São as seguintes as categorias de azeite:
- Azeite virgem
a) Azeite virgem extra
b ) Azeite virgem
c) Azeite lampante - Azeite
- Azeite refinado
Segundo o Regulamento CEE 2568/91 entende-se como azeite virgem, o produto obtido da azeitona por processos exclusivamente mecânicos (pressão ou centrifugação) em condições térmicas controladas. Os azeites virgens são pois, gorduras naturais obtidas sem uso de qualquer substância
química o que os distingue de óleos alimentares que são refinados e obtidos com recurso a produtos químicos diversos. Na categoria de azeite virgem existem 3 tipos: azeite virgem extra, azeite virgem e azeite lampante, não podendo este último ser comercializado no retalho.
Para além dos azeites virgens, existem as categorias de azeite refinado e azeite.

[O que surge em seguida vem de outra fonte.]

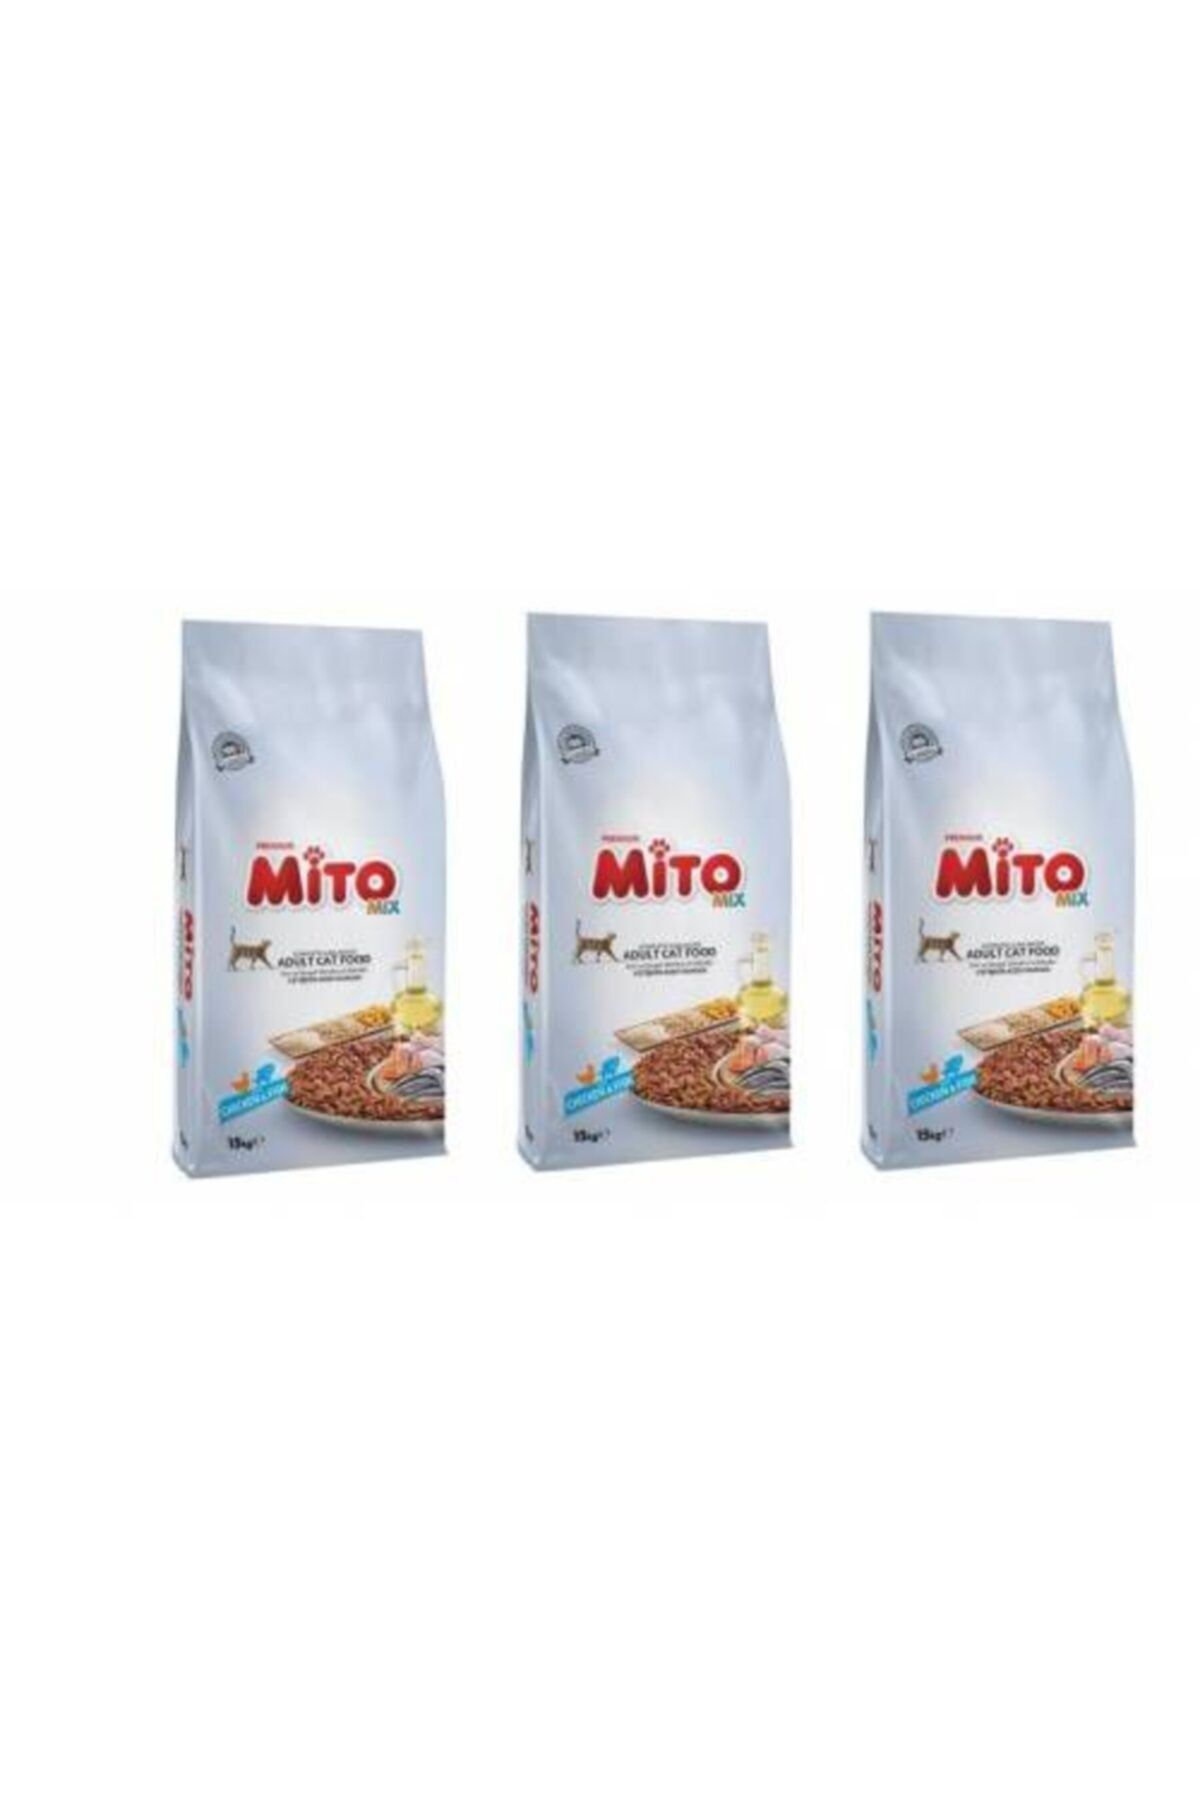 Mito Mix Adult Cat Tavuklu Ve Balıklı Renkli Taneli Kedi Maması 1 X 3 Kg Kapalı Paket

O azeite refinado, como o próprio nome indica, é obtido por refinação de azeites de qualidade inferior, em regra por refinação de azeite lampante. Esta operação visa retirar componentes prejudiciais, como sejam a elevada acidez ou aromas e sabores indesejáveis. Contudo, embora a composição em ácidos gordos se mantenha, a operação de refinação retira, no todo ou em parte, componentes responsáveis pelas propriedades benéficas dos azeites virgens, como sejam a vitamina E ou os antioxidantes. Em Portugal o azeite refinado não pode ser vendido ao consumidor final.
O produto da categoria designada apenas por azeite é proveniente da mistura de azeite refinado com azeites virgens de menor qualidade.
As categorias de azeite distinguem-se através das suas características físico-químicas e organoléticas. Estas características estão descritas no já mencionado Regulamento CEE 2568/91 e contemplam a análise de mais de 2 dezenas de parâmetros.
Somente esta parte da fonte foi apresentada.